The opposite is true when rasterizing and reaggregating median value variables. In this case, the actual median values must be rasterized (object 7) and then reaggregated by calculating the mean or median cell value in each 1980 tract (the mean cell value in each 1980 tract can be found in object 8).30 Thus, if the values in object 1 actually represented median tract incomes, we would conclude that the median income in the larger of the two 1980 tracts equals 81.25 (the mean cell value found in tract A, object 8) or 87.5 (the median cell value), and that the median income in the smaller of the two tracts equals 87.5 (the mean and median cell value).

Comparing the Methods

In order to test the hypothesis that blacks move into environmentally hazardous neighborhoods in disproportionate numbers, I regress the change in %black from one decade to the next (%black1990 – %black1980) on average exposure1980, %black1980, and a set of control variables also measured in 1980, comparing results obtained using reaggregated data with results obtained using merged observation data.31

As argued earlier, it is extremely difficult, if not impossible, to make specific predictions about how census tract merging (data aggregation) will affect regression results. Nevertheless, prior research demonstrates that data aggregation can increase and decrease slope coefficient estimates within the same regression model and inflate the standard errors of parameter estimates. Prior research also demonstrates that aggregated data set coefficients can be significantly different from nonaggregated data set coefficients and that coefficients can change sign as the data are increasingly aggregated (Fotheringham and Wong 1991; Wong 1996). Thus, it is likely that some of the variable coefficients that are statistically significant in the reaggregated data model will be statistically insignificant in the merged data model, that some coefficient values will increase and others will decrease as we move from one data model to the other, and that these differences will be statistically significant in some cases. Finally, some coefficients may even change sign as we move from one data model to the other.

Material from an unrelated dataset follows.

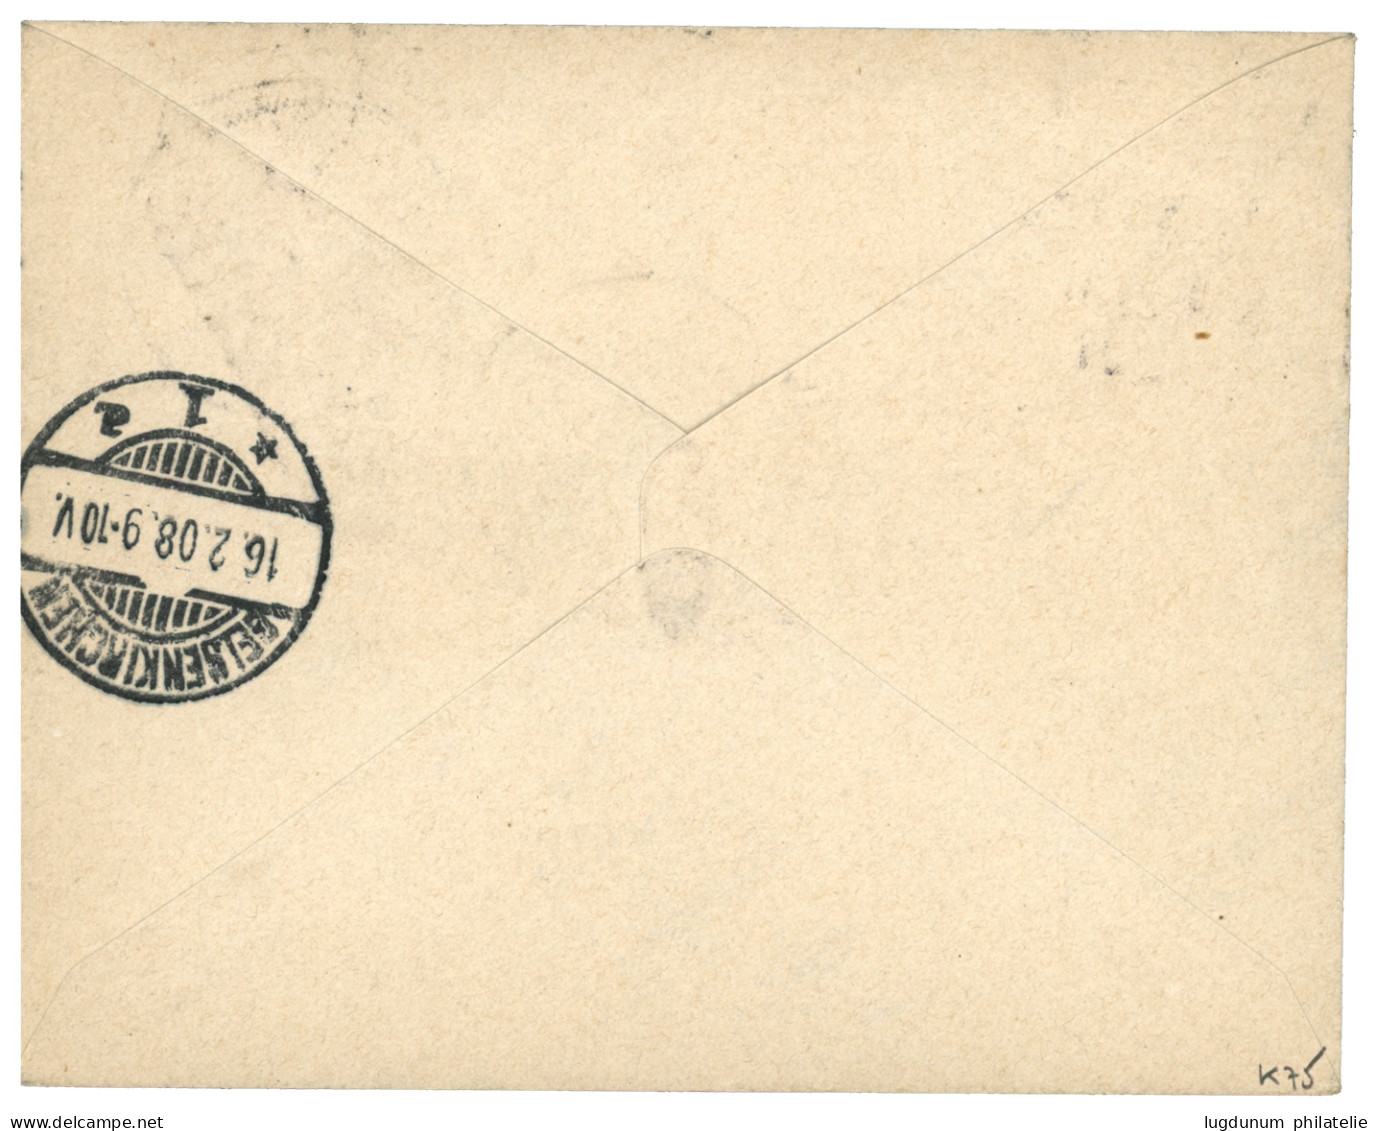 DSWA - KONDOA-IRANGI : 1907 20h Canc. KONDA-IRANGI On REGISTERED Envelope To GERMANY. Luxus. - Africa Tedesca Del Sud-Ovest

As in the previous examples, data were drawn from the Detroit metropolitan area. Tract-level demographic data were obtained from the 1980 and 1990 U.S. census, and manufacturing facility data were obtained from the 1980 Directory of Michigan Manufacturers (Pick Publications 1980). Facility data were drawn from the 1980 Directory of Michigan Manufacturers rather than from the TRI database, because the Environmental Protection Agency did not begin collecting TRI data until 1987. Thus, average exposure1980 is defined as the number of manufacturing facilities located within a one-quarter kilometer radius of the average tract cell.

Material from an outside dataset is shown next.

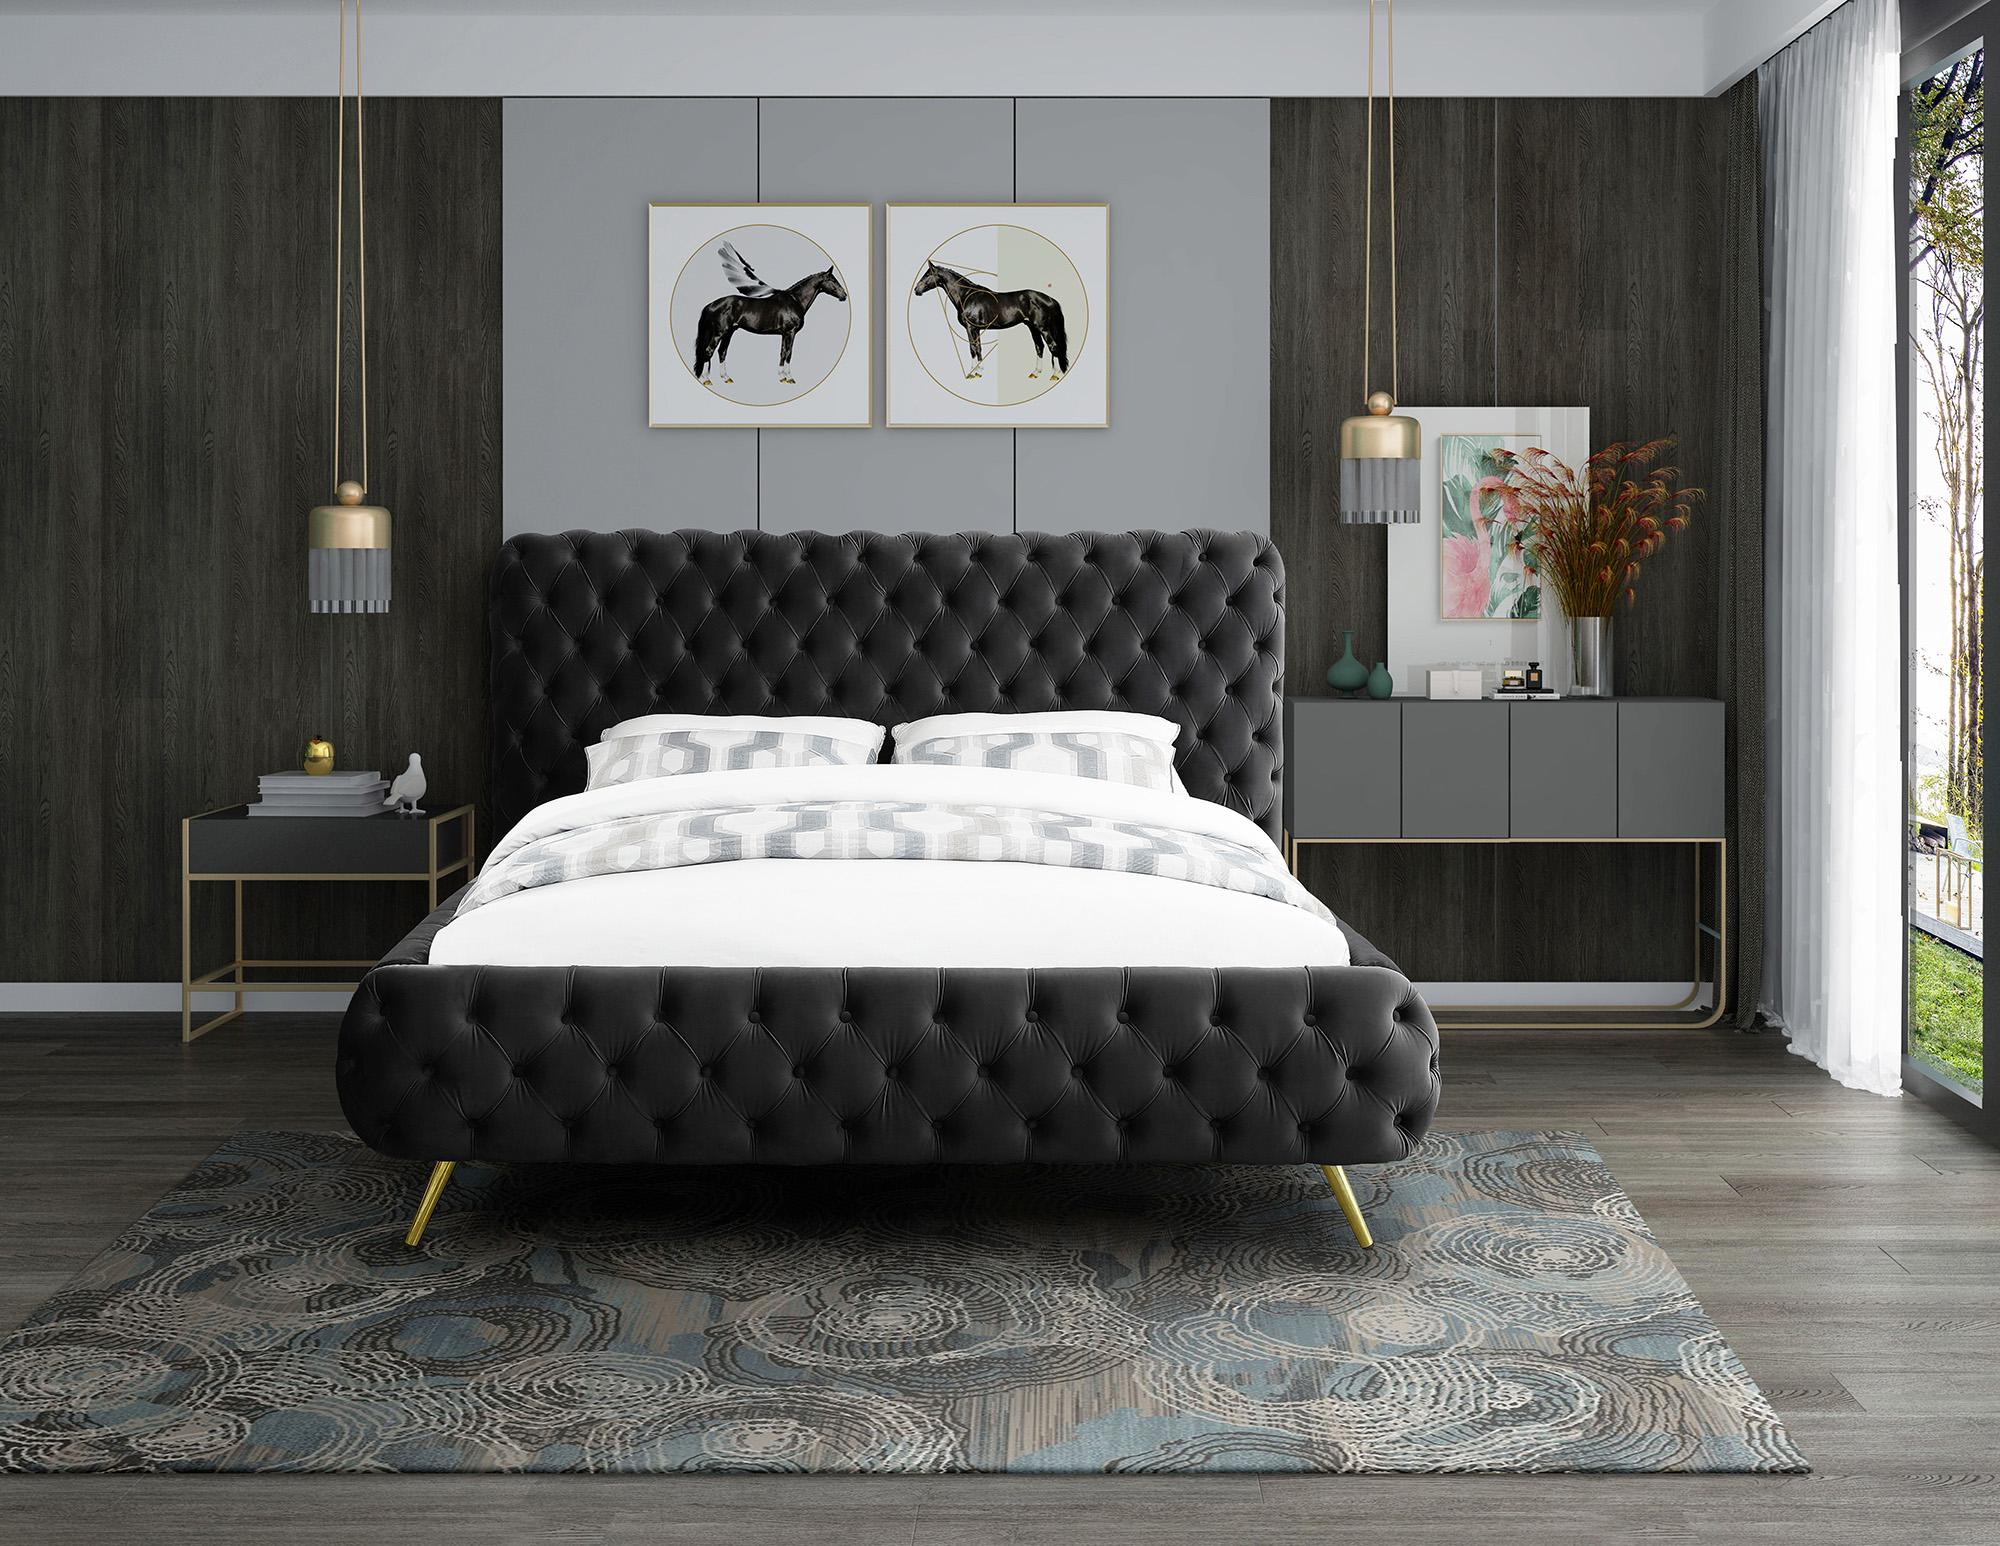 

    
Meridian Furniture DELANO DelanoBlack-Q Platform Bed Black DelanoBlack-Q

In order to ensure that the manufacturing facilities included in the data set were among the most hazardous in the region, the data set is restricted to facilities in four highly polluting industrial sectors: transportation equipment, chemicals, primary metals, and fabricated metal products. These industries are well represented in Detroit’s industrial economy and according to the TRI were the four most highly polluting industrial sectors in the Detroit metropolitan area in 1992, responsible for approximately 99% of the region’s TRI emissions that year.

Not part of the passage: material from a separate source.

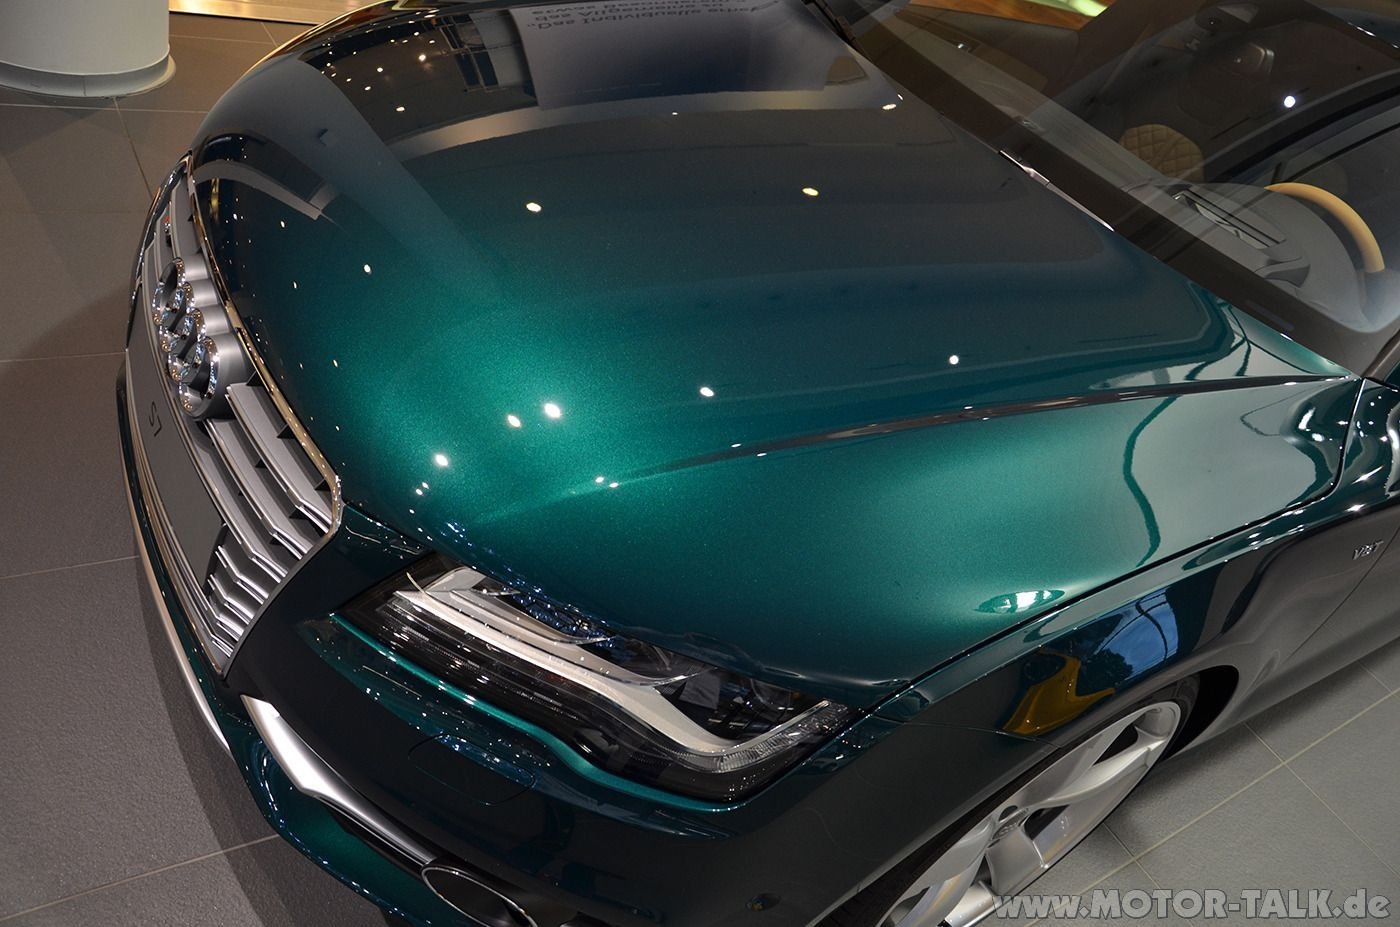 Перламутровый металлик. Audi Exclusive Emerald Green. Ксералик Кэнди. Emerald Green Metallic краска. Emerald Green (изумрудно-зеленый металлик) (EMG) — e501421000emg.

The control variables are drawn from the literature on racial succession, which is defined as “the replacement of whites by nonwhites within the boundaries of a given neighborhood” (White 1984, p. 165). Racial succession is generally viewed as a function of white geographic mobility (Steinnes 1977), the age and condition of the housing stock (Wilson 1983), and the proximity of white neighborhoods to nonwhite neighborhoods (Massey and Denton 1993; Steinnes 1977). In the regression models reported below, black neighborhood proximity is measured as “the highest %black in any adjacent tract,” and indicators of geographic mobility include the percentage of housing units that are owner occupied, the percentage of families with children, the percentage of people who lived in the same house five years ago, the percentage of people 25 years old and older who are high school graduates, median family income, and median family income squared (Galster 1990; Steinnes 1977; Vandell 1981). Indicators of housing stock age and condition include median property value, median gross rent, the percentage of housing units built before 1940, and the percentage of housing units built between 1940 and 1949, 1950 and 1959, and 1960 and 1969. Although not reported below, spatial trend variables are also included in the analysis because the autoregressive procedures used to control for spatial autocorrelation assume spatial stationarity.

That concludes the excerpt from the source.